Suatu hari Rasulullah berjalan melewati suatu kampung yang di situ sedang terselenggara pesta pernikahan tanpa musik. Beliau bertanya, “Ini pesta pernikahan atau pemakaman? Apa kalian tidak mencintai kakek kita Daud alaihissalam?” Yang tidak boleh itu musik yang tidak tepat tempatnya, yang mengganggu jalannya ibadah mahdoh, yang destruktif terhadap suasana.
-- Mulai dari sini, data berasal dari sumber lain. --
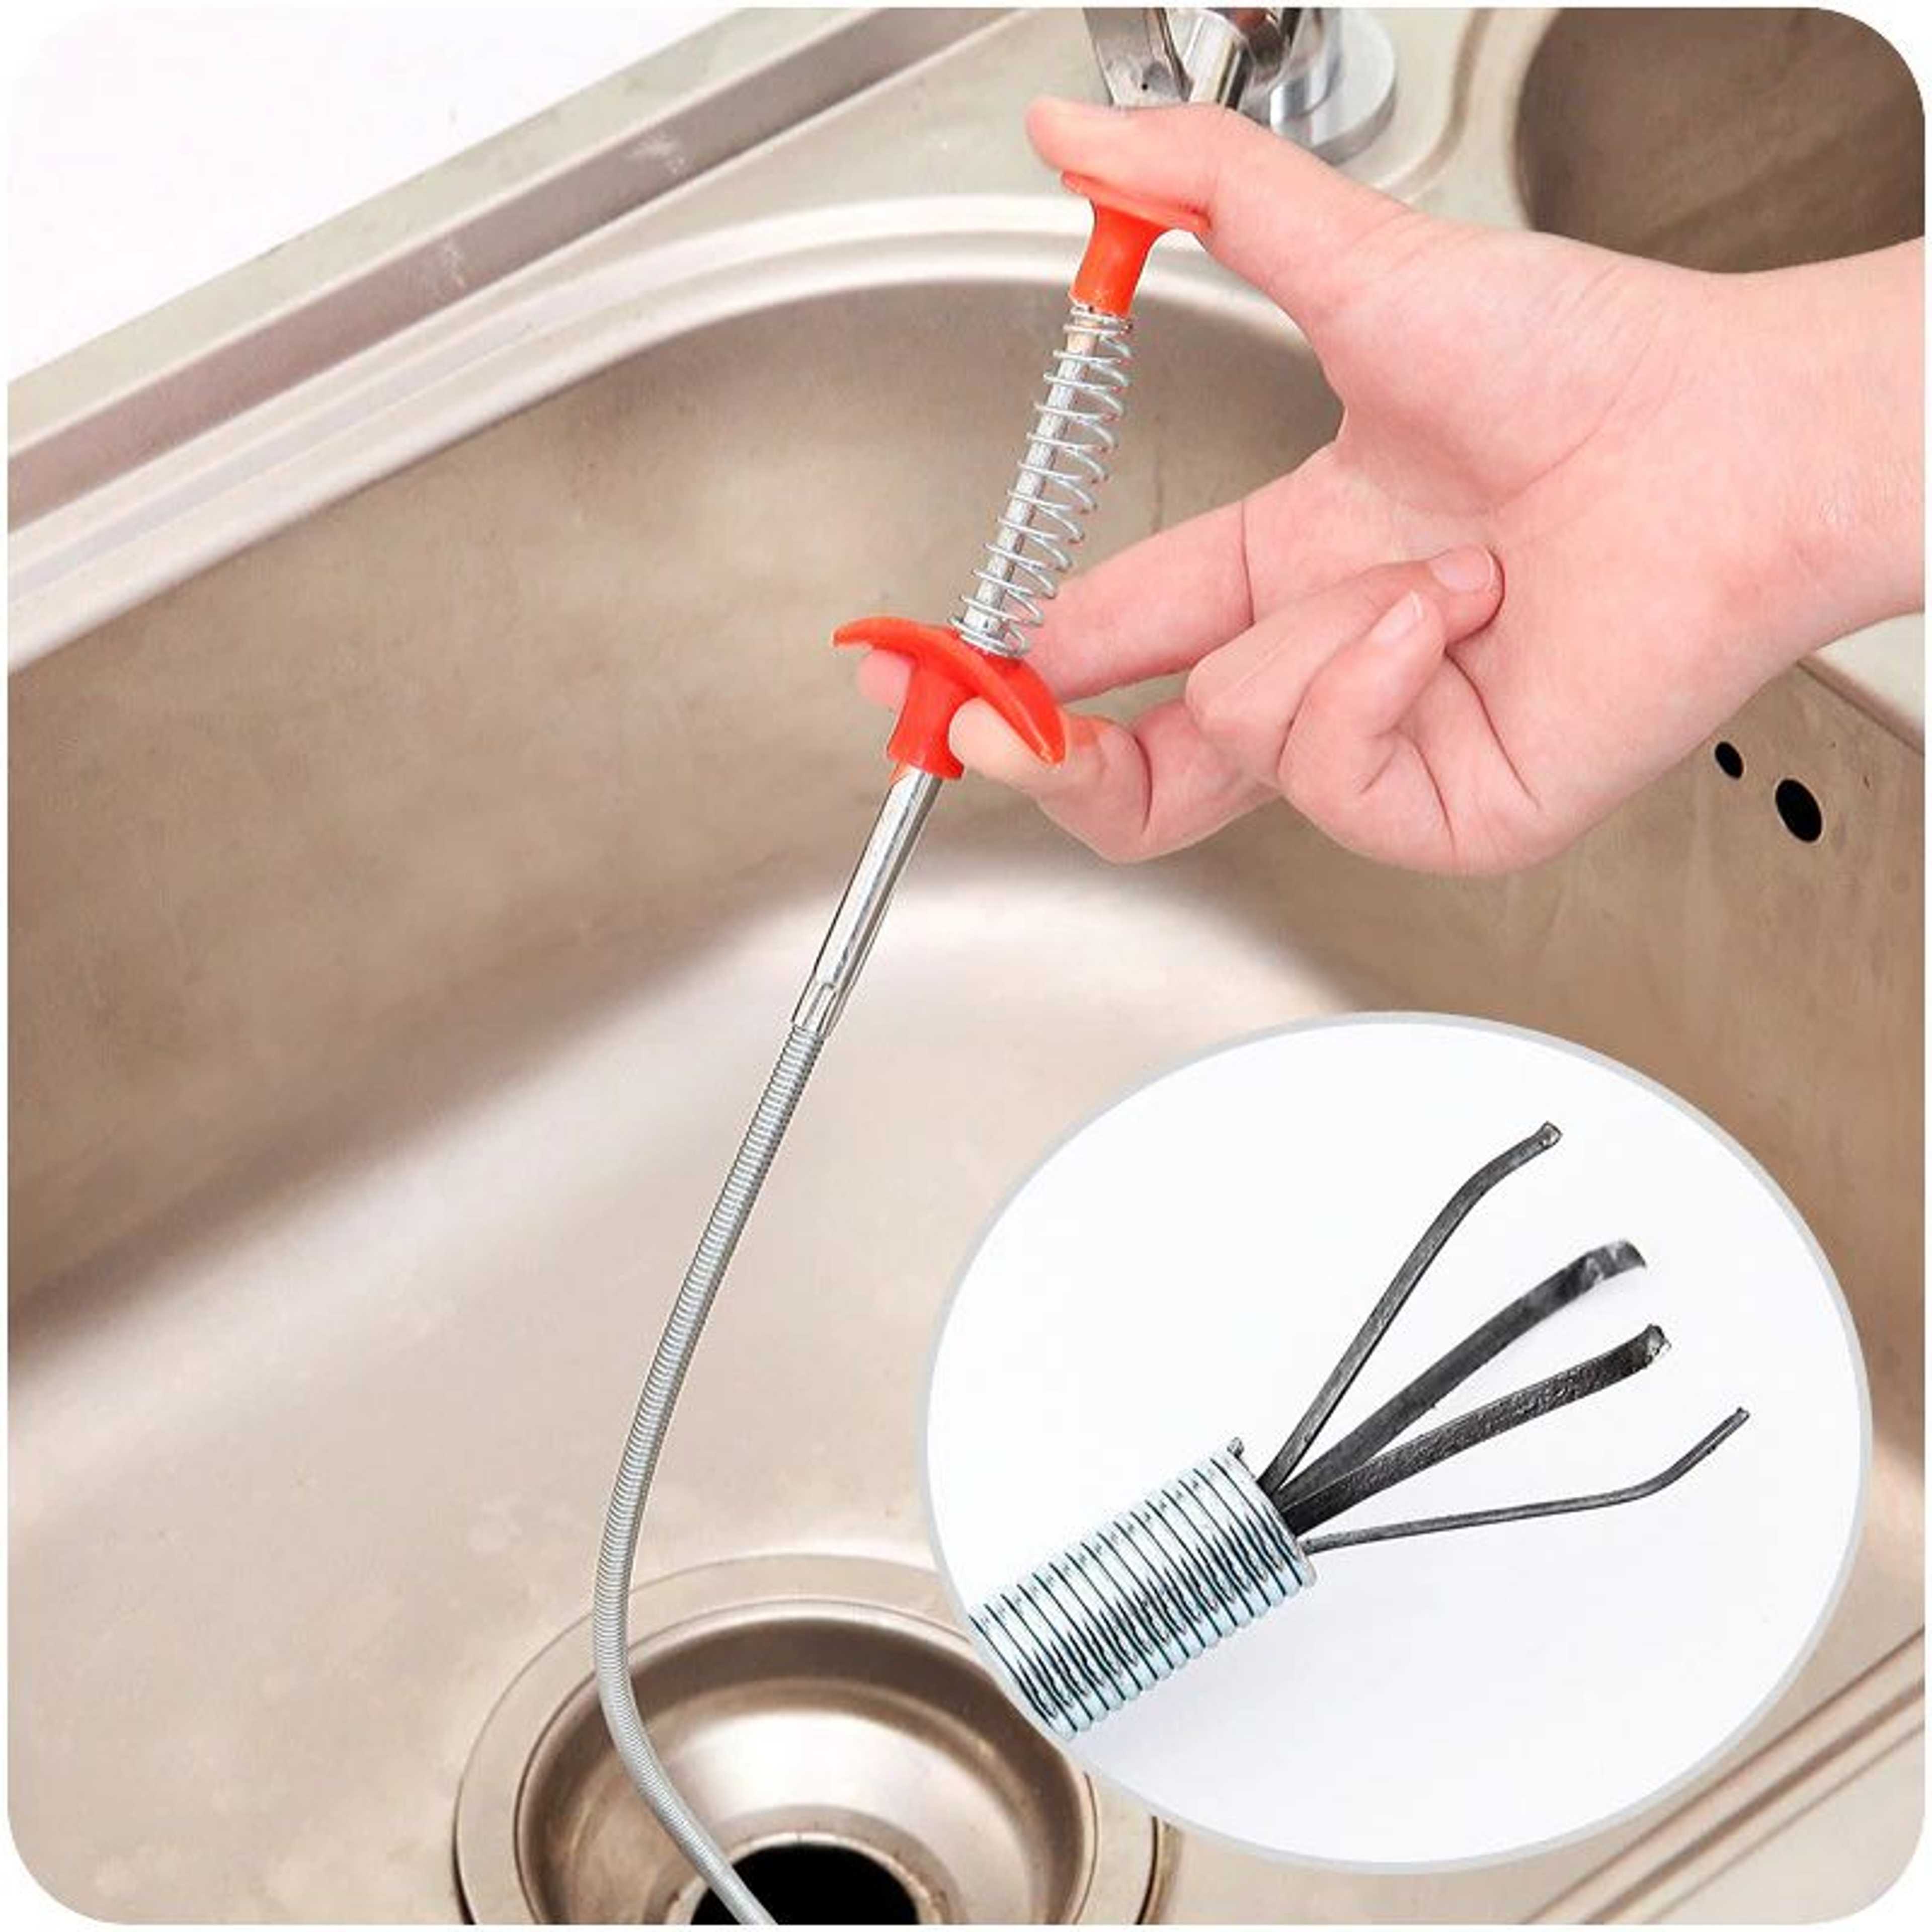 Metal wire brush Hand Kitchen Sink Cleaning Hook Sewer Dredging Device Spring Pipe Hair Dredging Tool Metal wire brush

“Ini tadi semua bukan kepastian. Tadi itu diskusi karena Allah sendiri dalam berfirman ada beberapa jenis. Kalau saya menyebutnya ada ayat yang merupakan perintah atau ajaran, ada yang berupa informasi, dan ada yang sifatnya memancing diskusi atau pemikiran. Ada banyak hal-hal yang Allah tidak mau menjelaskan secara tuntas justru agar terangsang perjuangan pemikiran manusia. Contohnya ashabul kahfi itu berapa jumlahnya, Nabi Khidir itu sudah meninggal atau belum, dan poligami.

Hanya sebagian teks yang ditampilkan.